Upon questioning, the hospital staff said that, in every case, they had told the patients about the ETT. However, Dr. Rotondi noted, “You do not know how the staff explained it. They might have only told the patients ‘when you wake up there will be a tube to help you breathe.’ You also do not know how attentively the patients were listening at the time.”

MORE TO LEARN

Dr. Rotondi pointed out that the study raised many questions for which no data were available. “Were patient experiences different among ICUs or did they vary by procedure? Did medications help to alleviate some stressful experiences? It’s hard to do comparisons among ICUs without knowledge of patients’ medications,” he observed. “We also could not look at the effect of patient experiences in the ICU on outcomes because we did not have the follow-up data.” In the future, Dr. Rotondi and colleagues will look at patients’ recollections of the ICU at two months, six months, and one year after discharge to observe any changes that occur with time.

He added that specific physical and psychological problems—sleep disturbances, spells of terror, and feeling nervous when left alone—were all highly associated with ETT use.
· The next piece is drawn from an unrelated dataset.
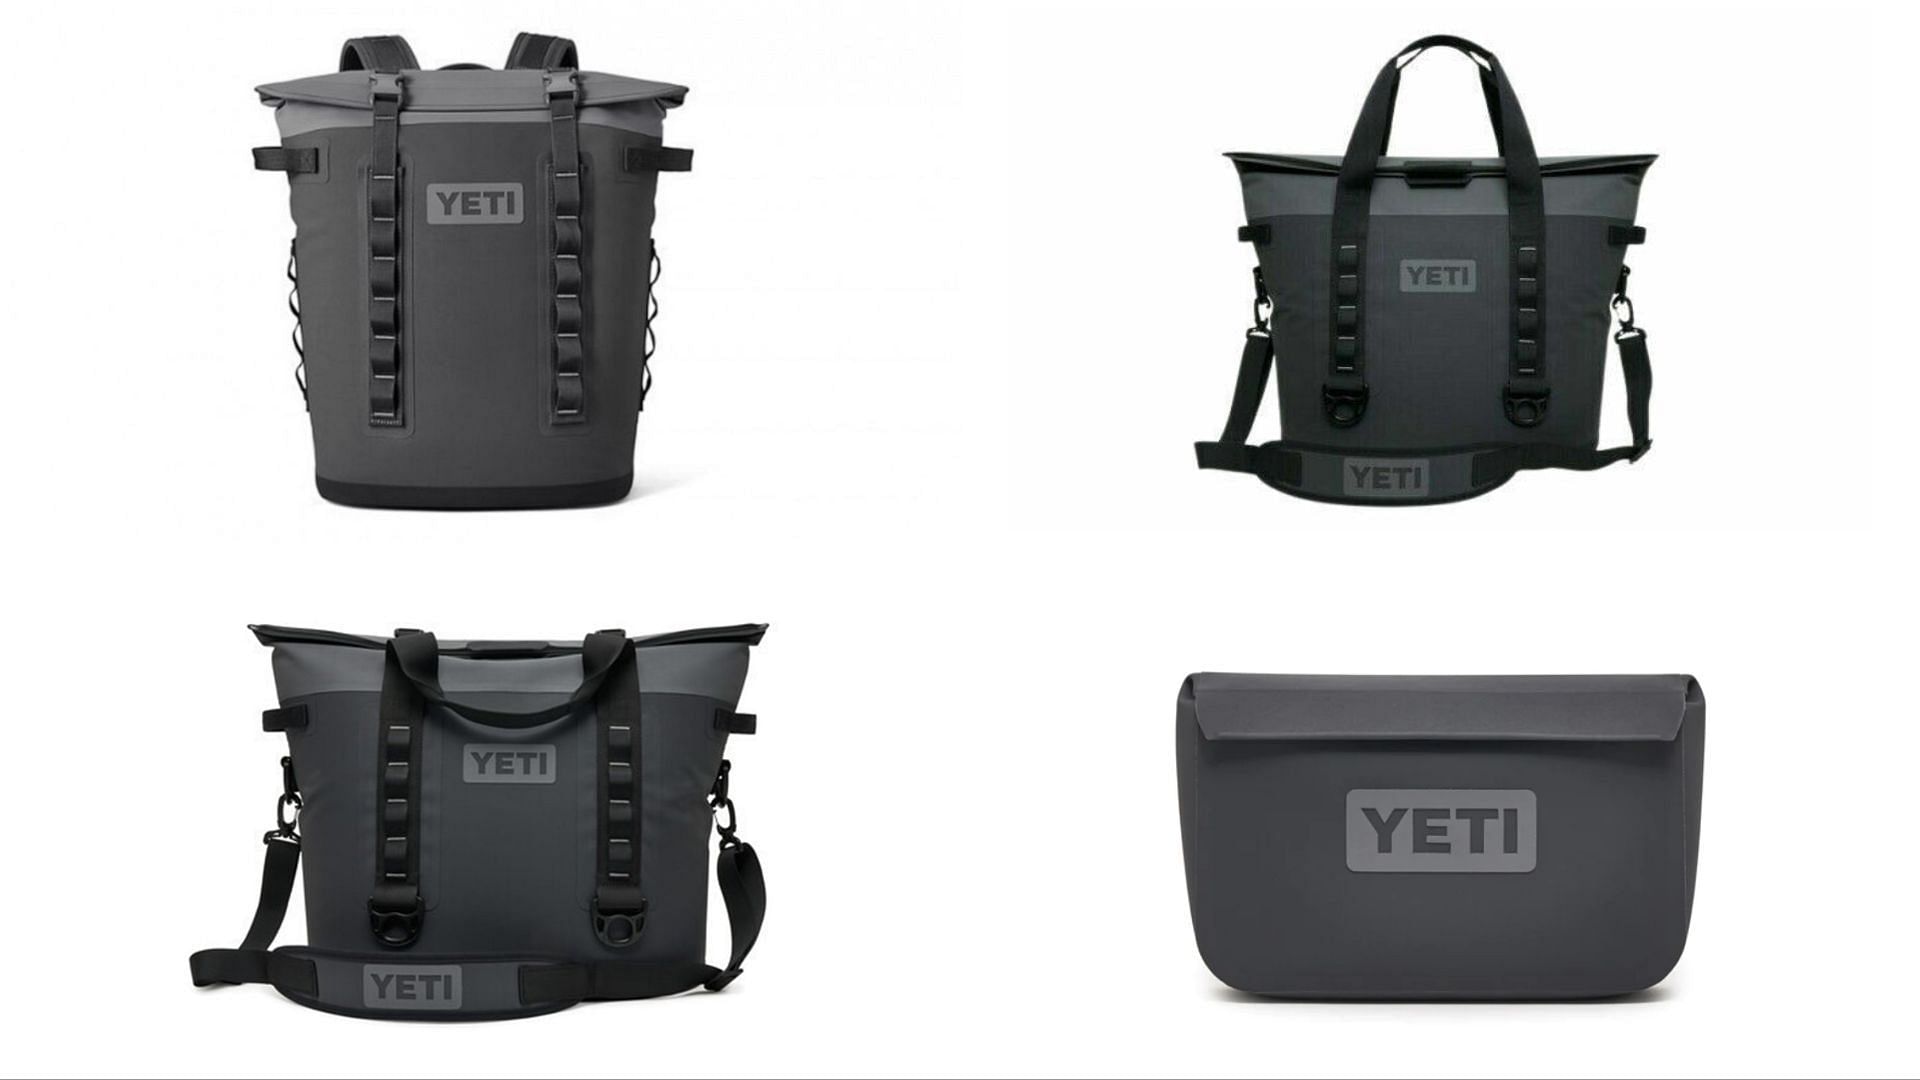 Yeti recall: 1.9 million soft coolers, gear cases recalled over magnet

By carefully explaining to patients what they may experience while in the ICU on mechanical ventilation, discussing procedures, and assessing comfort levels, caregivers can help reduce patients’ stress and possibly improve the quality of their ICU stays.

—Gale Jurasek

Reference
1. Rotondi AJ, Chelluri L, Sirio C, et al. Patients’ recollections of stressful experiences while receiving prolonged mechanical ventilation in an intensive care unit. Crit Care Med. 2002;30:746-752.